Serial latency (again)...on Mega 2560

I rencently ran into the same issue while developing a remote procedure call library. The 4 ms delay is due to the firmware on atmega8u2. It is based on a by now outdated example from the LUFA usb library. Basically it will only send serial data to PC every 4 ms or after receiving 96 bytes. You can upload new firmware to the chip by installing dfu-programmer or atmels flip. I did it on Uno, search google for mega. You need to make the 8u2 go into dfu-mode.

As for new firmware I haven't found any on the internet, so I tried out modifying the existing. By changing the original arduino-usbserial firmware to pass on serial data to the pc in each loop in the main function, I went from 244 remote function calls per second to 400 - 500. These are function calls with return data. Calling functions without return data the number of function calls correspond to the baud rate divided by data transmitted (in both original and modified firmware). But looking at just the amount of data, I was supposed to to 2000+ calls per second if there was no latency. So the situation had improved, but it still wasn't impressive.
The original arduino-usbserial is built against a LUFA library release from 2010, but the have been numerous releases since. Unfortunately the code doesn't build against the newer version right away.
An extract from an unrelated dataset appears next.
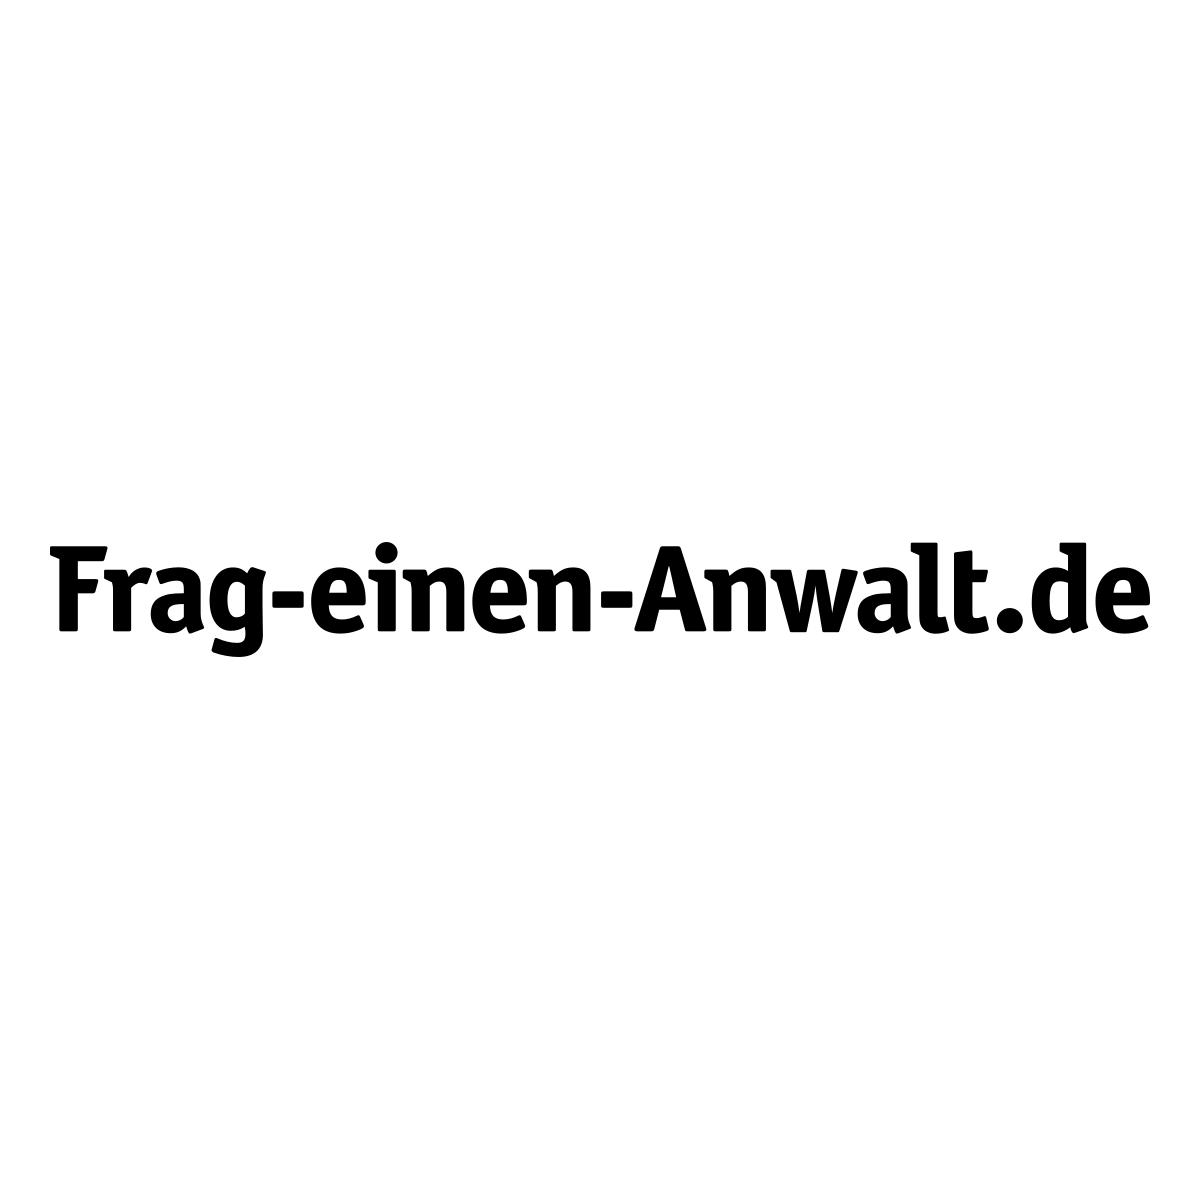 www.frag-einen-anwalt.de

But the LUFA library contains its own example of a usb-serial converter which has evolved a bit since the one the arduino version was based on back in 2010.
I modified the LUFA example to work with the UNO board. This improved function calls to 700-900 per second. Increasing the baud rate makes function calls with less/more return have more similar performance, but they never get much above 900 per second. So there is latency somewhere I still can't get around.
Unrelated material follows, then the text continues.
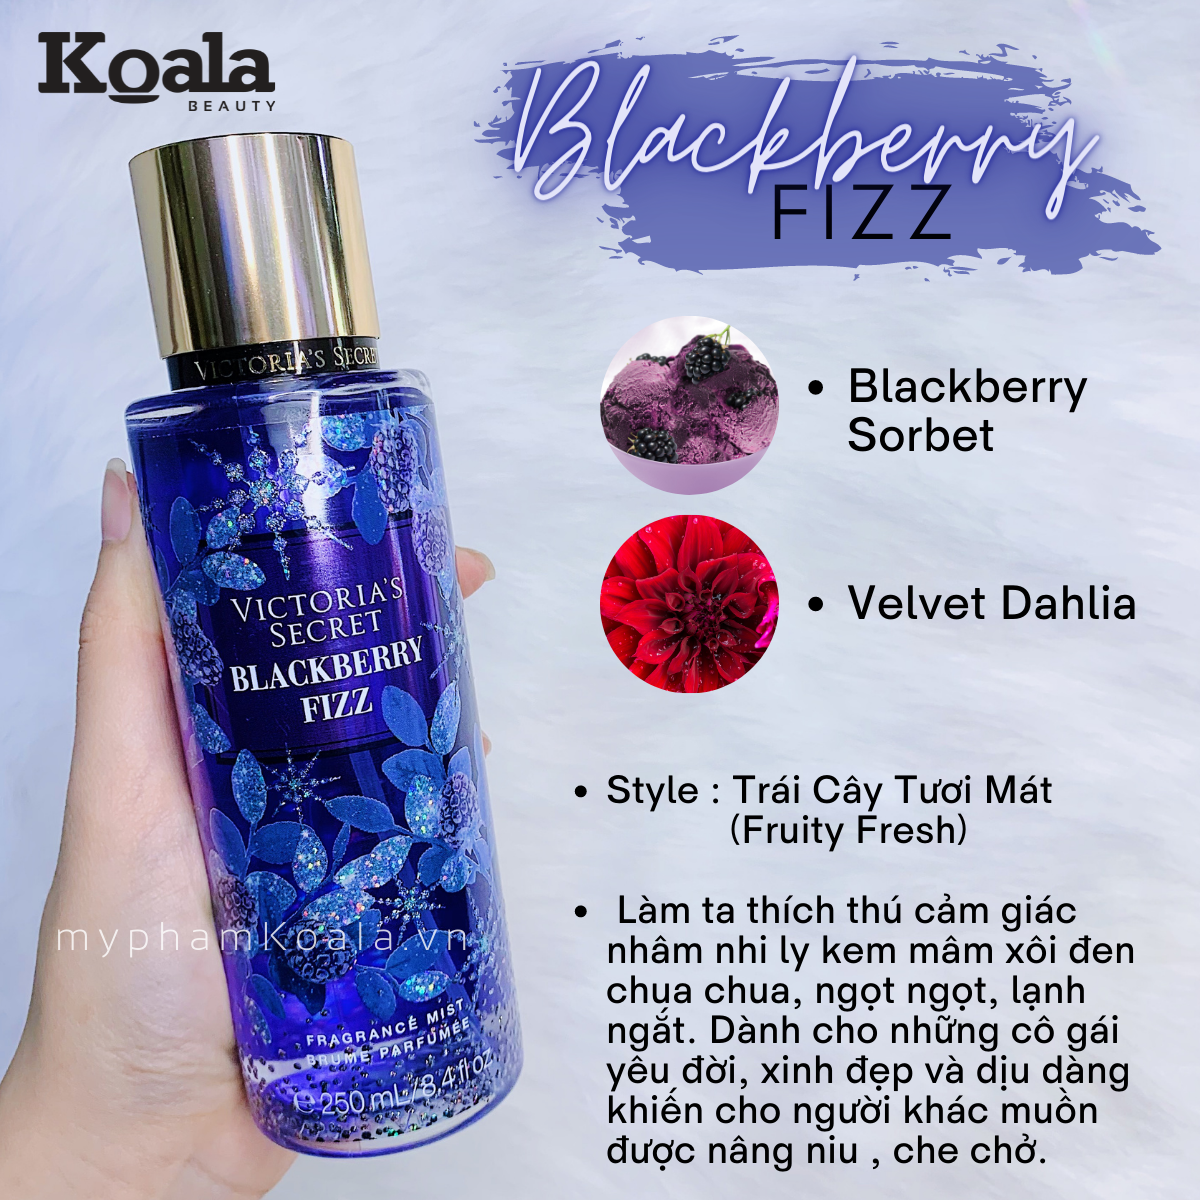 Xịt Body Victoria's Secret BLACKBERRY FIZZ Fragrance Mist

The new firmwares have been acting a bit strange right after the com port is opened. When the connection is up it seems to go on without problems, but when calling remote functions immediately after opening the comm port I've been getting unexpected data or not getting expected data. Not sure what the problem is.

EDIT:
The weird behavour turned out to be due to noise on the line when resetting the main AVR (it is reset when opening the connection). I don't know why this didn't happen with the old firmware, as the code in this part is fairly similar. Probably the timing changed somewhere in LUFA. Anyways, checking the framing error flag of the USART before passing on data to USB solved the problem. I think this is good practice in any case.
The new firmware works great. When boosting the baud rate, remote function calls get very close to 1000/sec, typically 950.